In May 2014, Brugnara was charged with mail fraud for refusing to pay for $11 million in art delivered to his Sea Cliff estate. While awaiting trial on these charges, Brugnara was furloughed into the custody of his attorney, and escaped from the San Francisco federal courthouse. He was recaptured a week later in Los Gatos, California. Brugnara represented himself in the trial, which was tried before Judge William Alsup of the Northern District of California. By the end of the trial Judge Alsup had sentenced Brugnara to 471 days in prison for contempt due to Brugnara's conduct during the trial, including routinely ignoring Judge Alsup's evidentiary and procedural rulings, yelling at witnesses, throwing tantrums, and insulting the government's attorneys, including calling U.S. District Attorney Robin Harris a "Nazi" in front of the jury. Brugnara was convicted on six of the nine counts he faced, and sentenced to seven years in prison. On May 11, 2017 the Appeals Court affirmed all the convictions, rejecting Brugnara's argument that his decision to represent himself denied him a fair trial.
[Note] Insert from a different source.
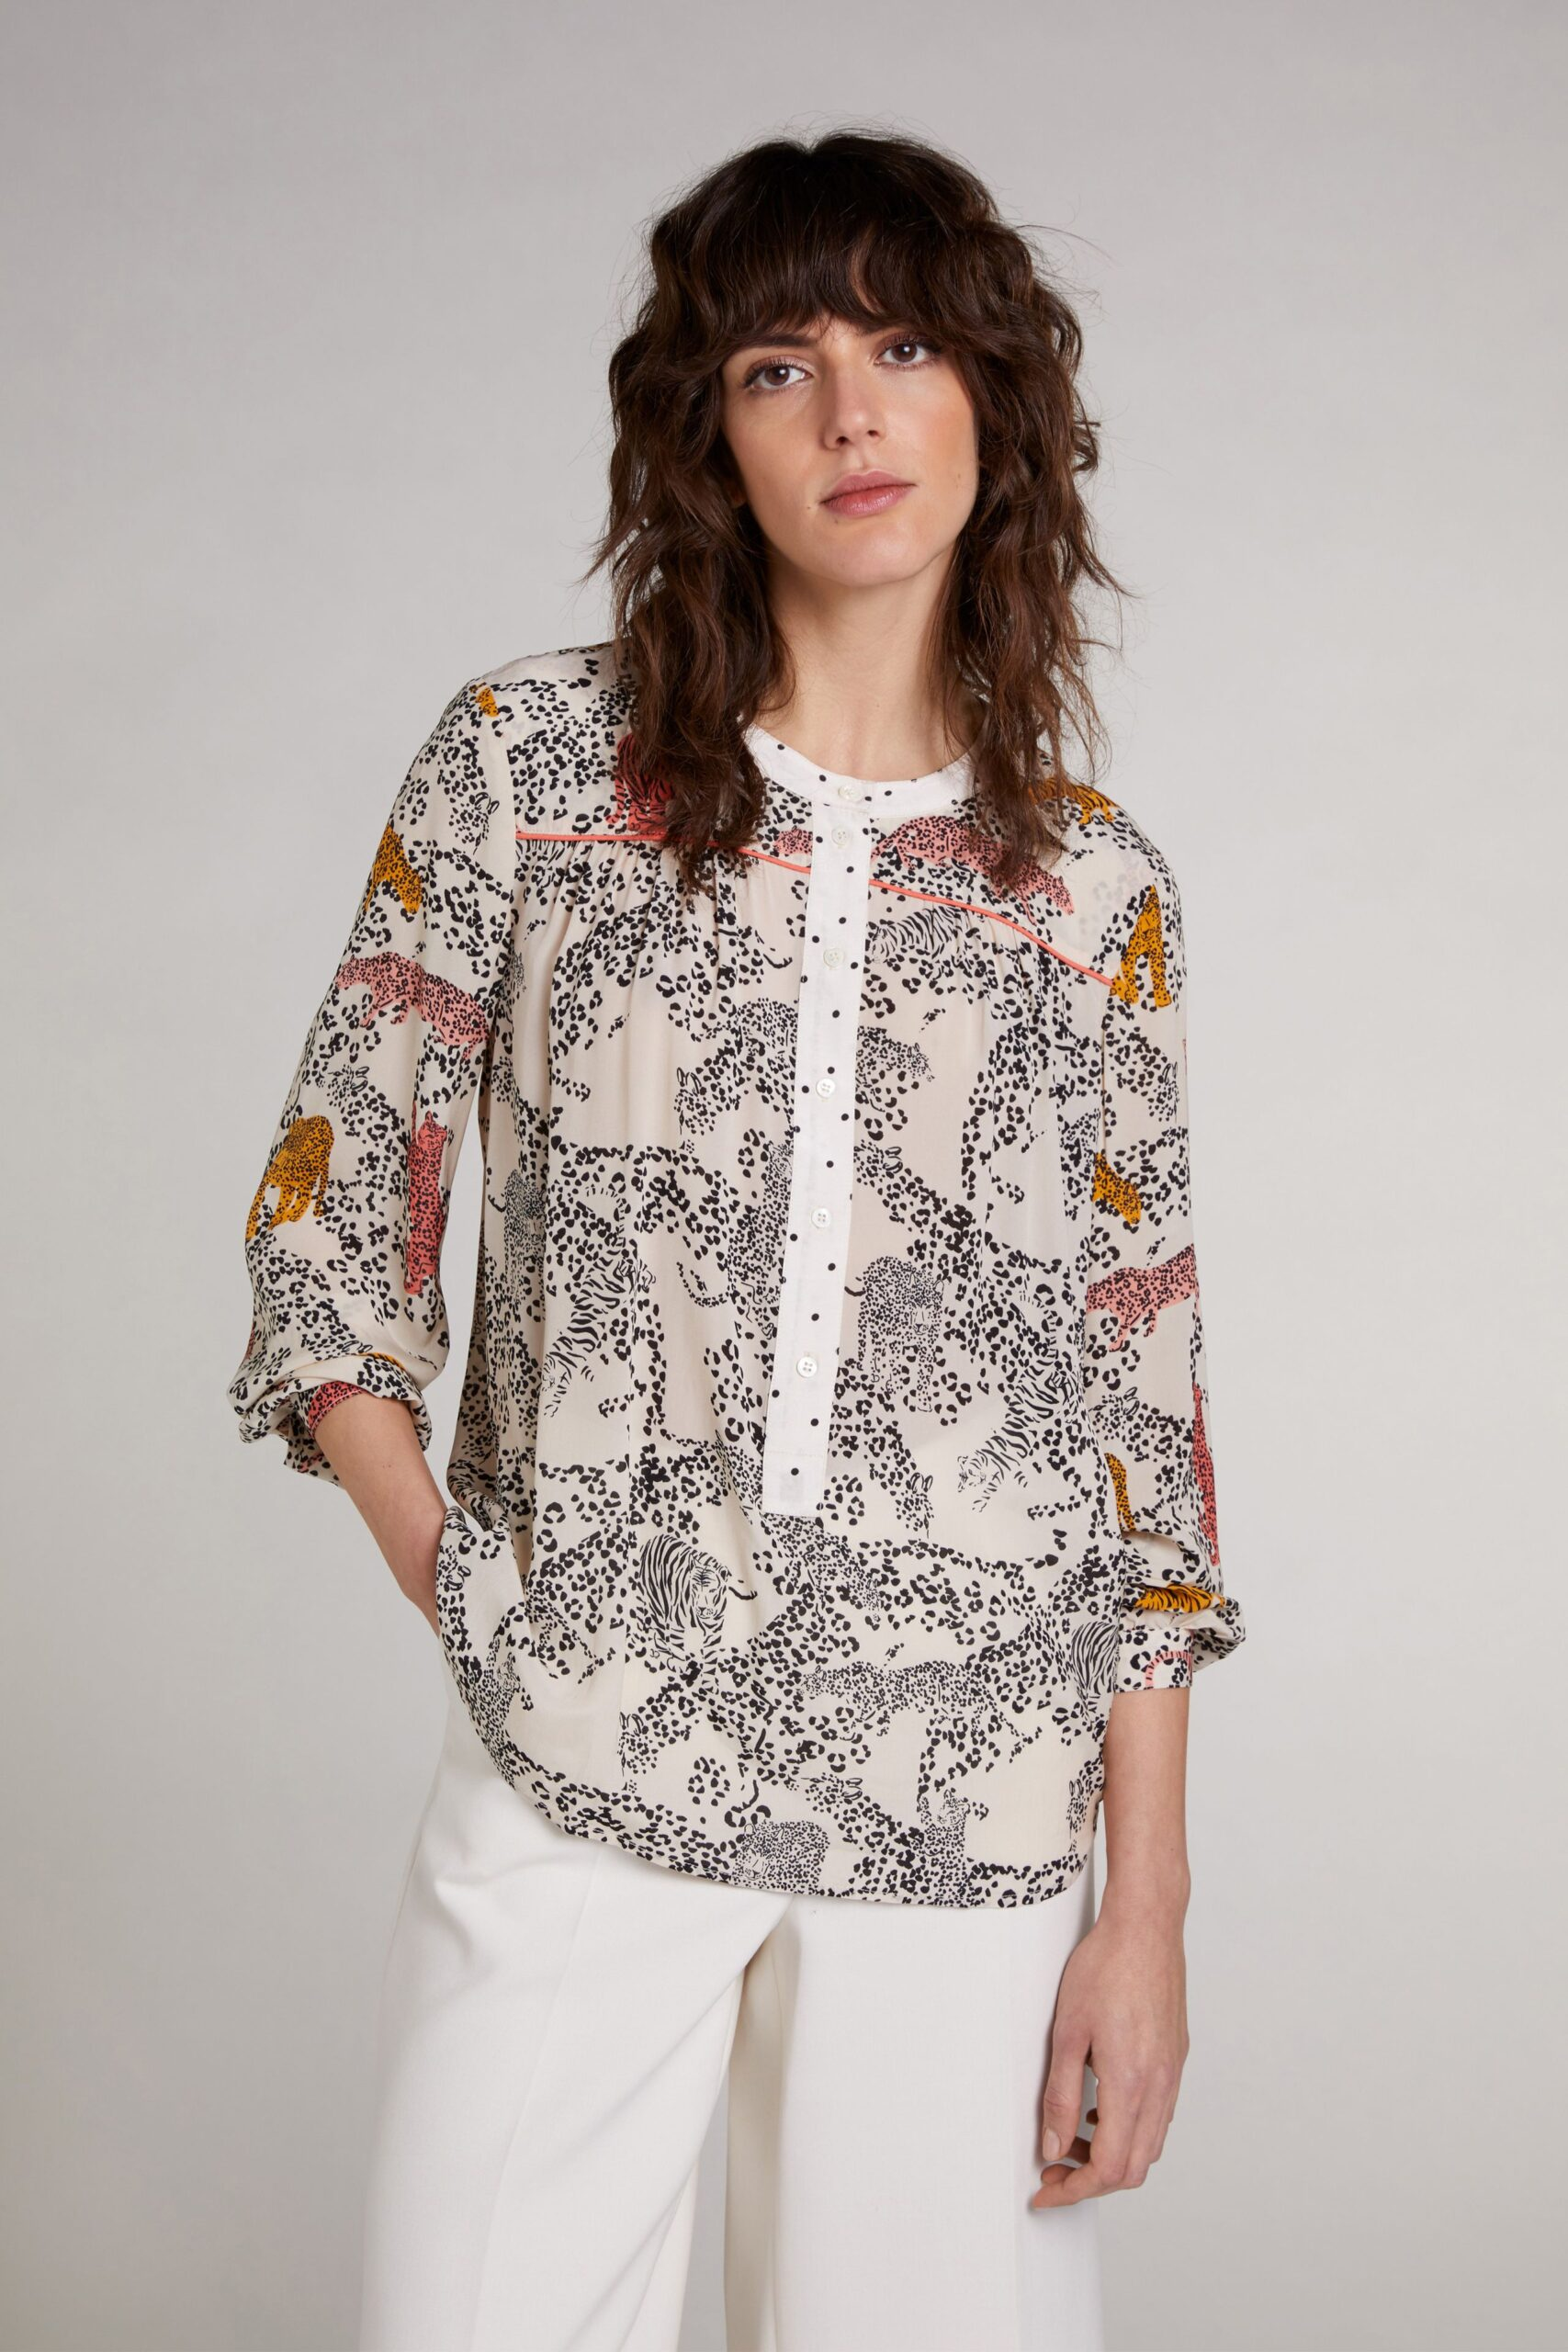 oui animal print blouse effigy boutique

The court also rejected Brugnara's claim that the art was fake and hence his refusal to pay or return it didn't constitute fraud, ruling that Brugnara had not taken the steps necessary to support his claim that the delivered art was fake, and, even if it were, his refusal to return the art (claiming that it was a gift) still showed evidence of an intent to defraud.

===Escape and wire fraud===
In March 2024 the Bureau of Prisons filed two escape notices for leaving a residential reentry center, where he was serving time. In his second escape Brugnara left for six days before being arrested by US marshals in a hotel in South San Francisco. Brugnara was returned to prison to serve his remaining time. On May 21, 2024, Brugnara was indicted for wire fraud and money laundering from illegally obtaining COVID-19 funds.

===Alleged threats, firearm charge, and fugitive status===
In 2026, Brugnara was arrested by Daly City police following allegations that he threatened a couple near Thornton State Beach, reportedly stating, “If you get near the fence I will shoot and kill you.” Authorities subsequently charged him with being a felon in possession of a firearm. At the time of the arrest, Brugnara was subject to federal pretrial release conditions that included a prohibition on new arrests. Prosecutors argued that the Daly City incident constituted a violation of those conditions. Brugnara failed to appear at a scheduled court hearing addressing the alleged violation of his pretrial terms. As a result, a federal judge issued a bench warrant for his arrest. After six months as a fugitive, he was arrested in San Francisco's Sunset District in late July 2026 and will remain in custody until the case is finished.

== Other investments ==
In 2003, Brugnara owned Christ Carrying the Cross, which he attributed to Leonardo da Vinci, although the attribution remains disputed.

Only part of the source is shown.